▶ [Work item]:
What you return must be the full data, repeated verbatim, with no pictures in it.

▶ [Input data]:
***

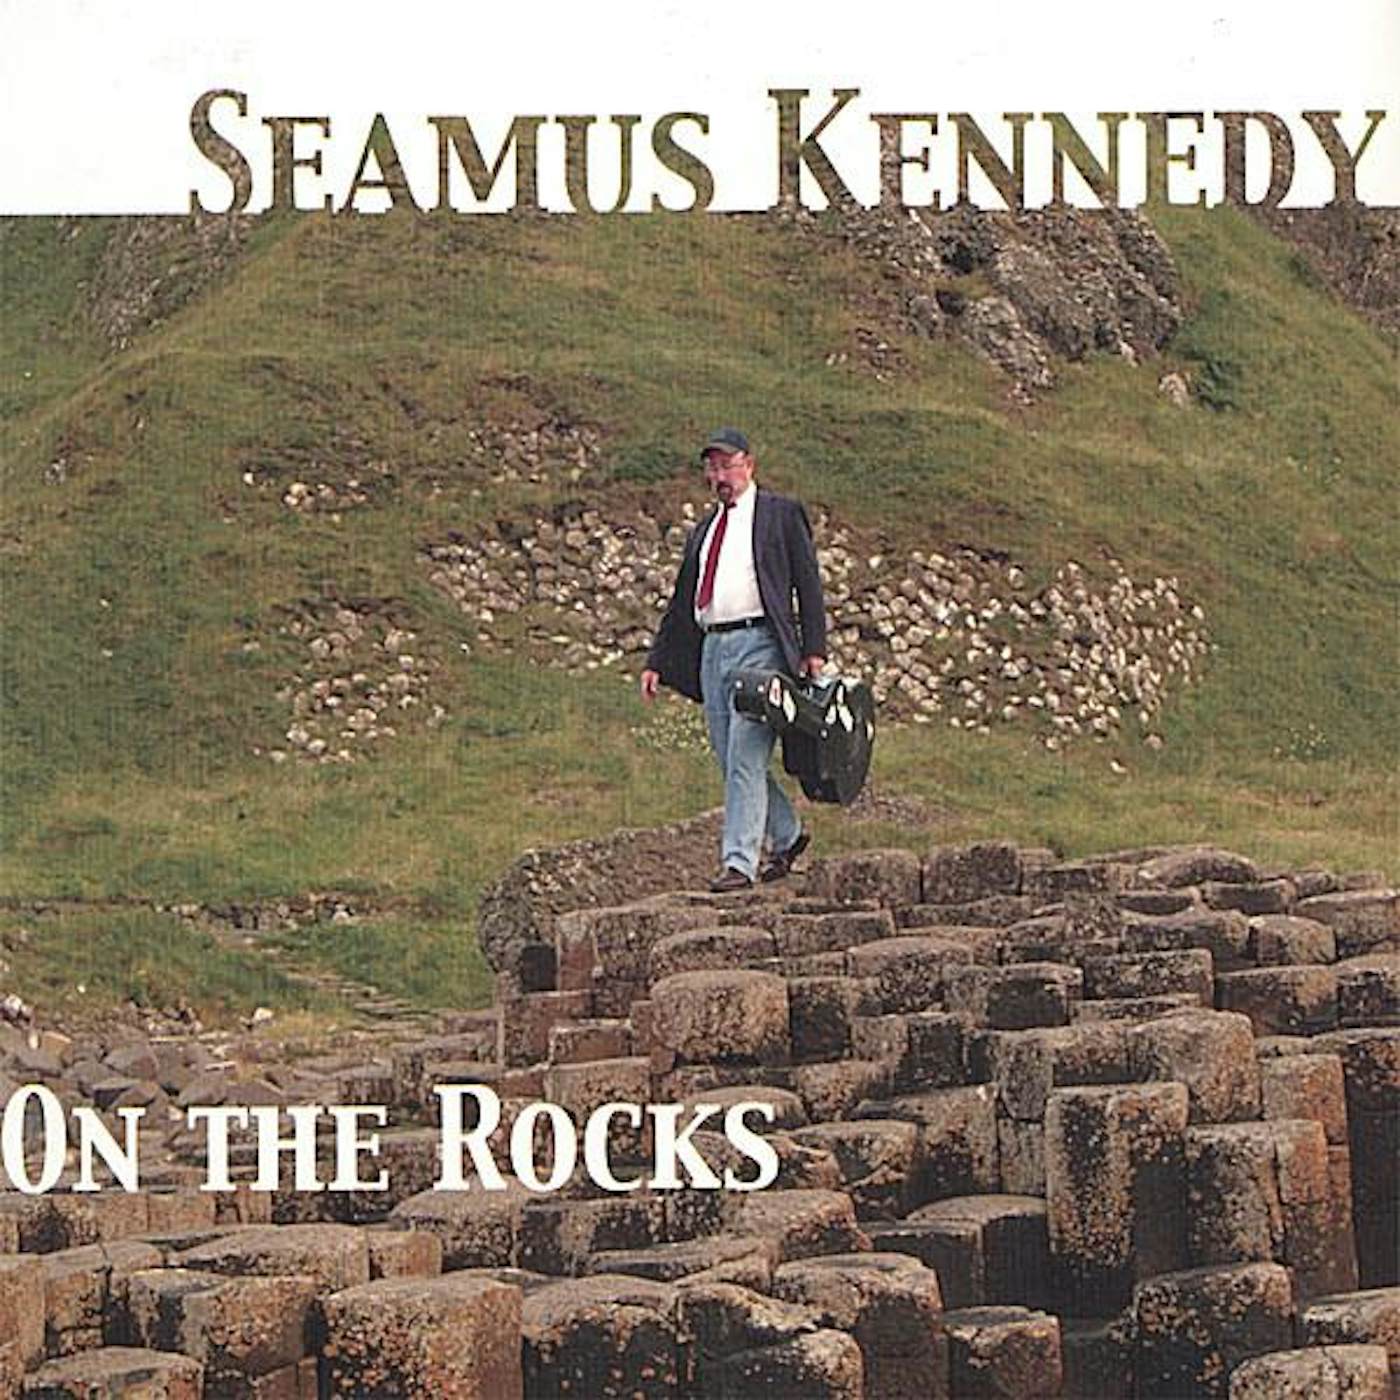 Seamus Kennedy ON THE ROCKS CD
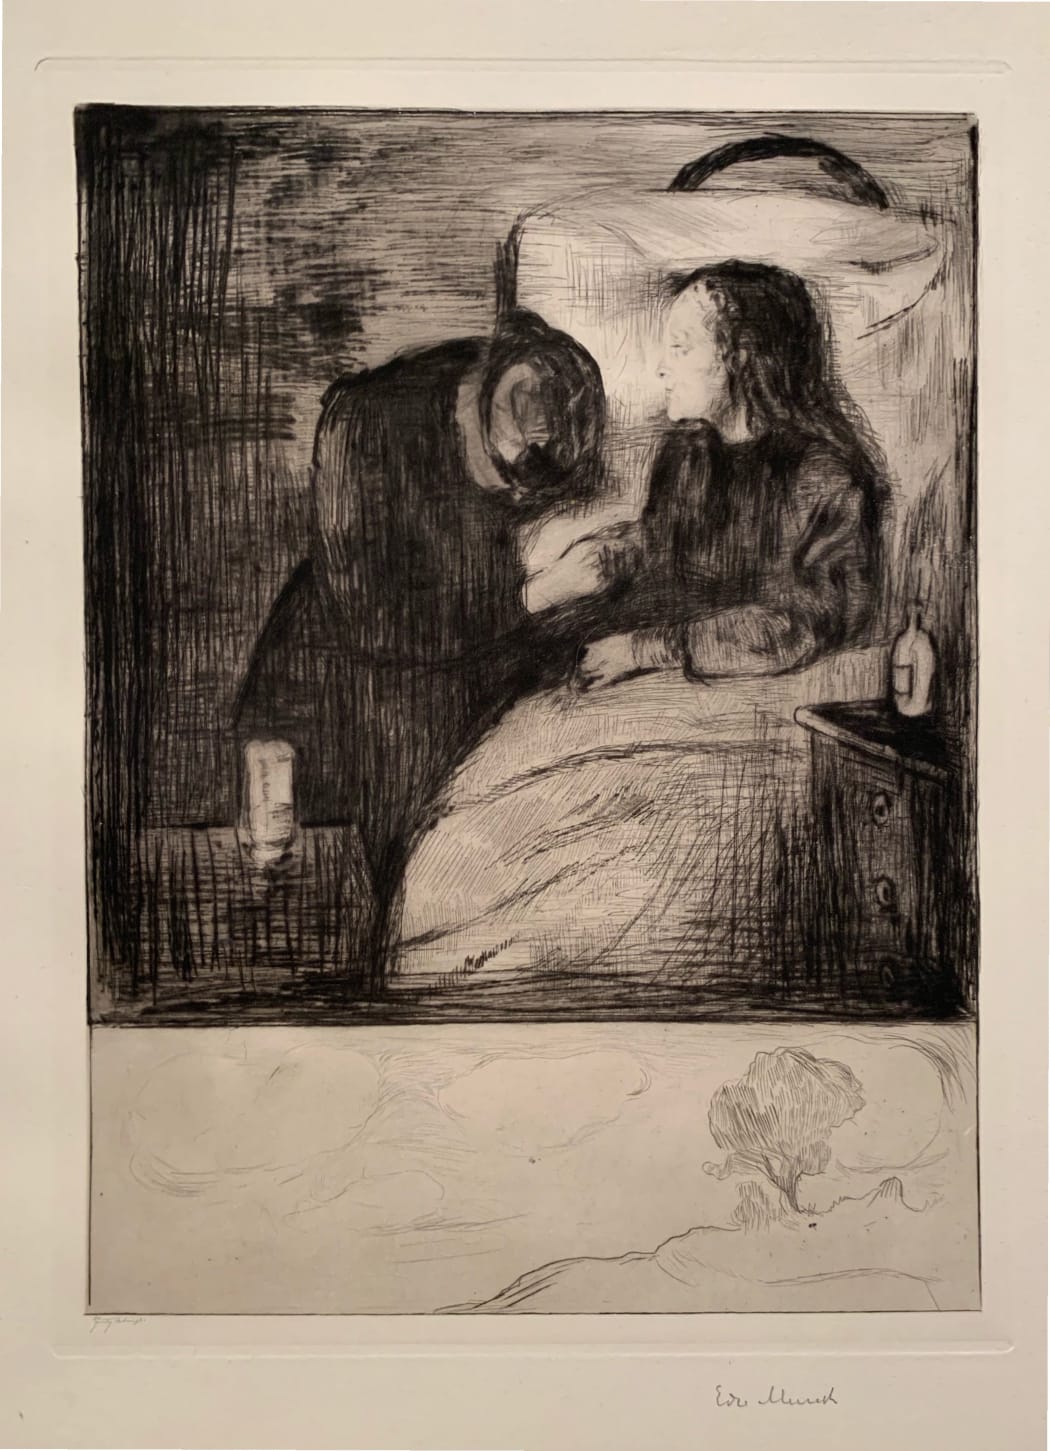 Das Kranke Kind (The Sick Child) (Woll 7), 1894, drypoint, 15 x 11 1/4 inches
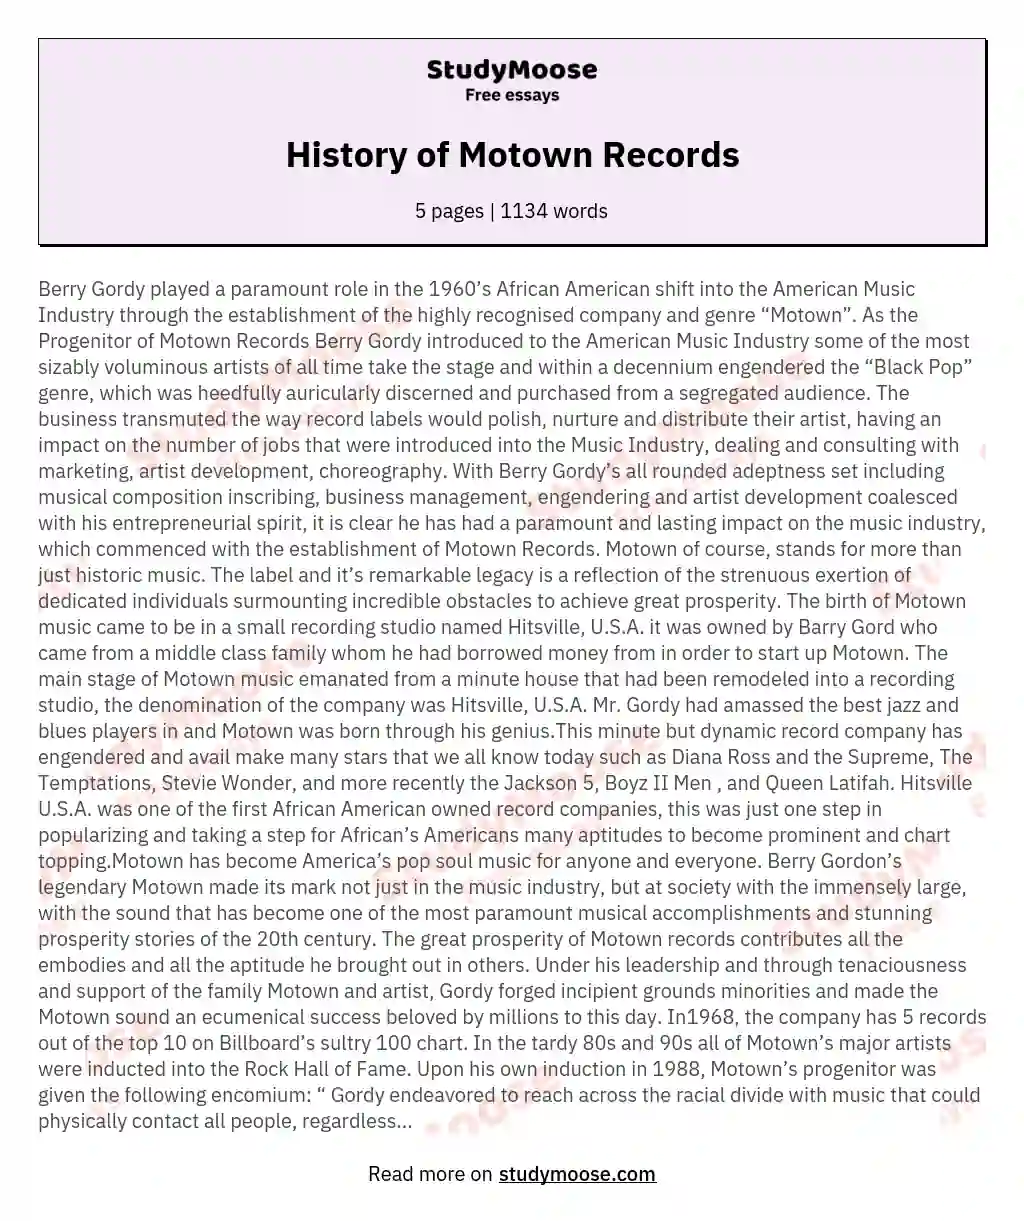 History of Motown Records essay

***

▶ [Output for this task]:
 Seamus Kennedy ON THE ROCKS CD
 Das Kranke Kind (The Sick Child) (Woll 7), 1894, drypoint, 15 x 11 1/4 inches
 History of Motown Records essay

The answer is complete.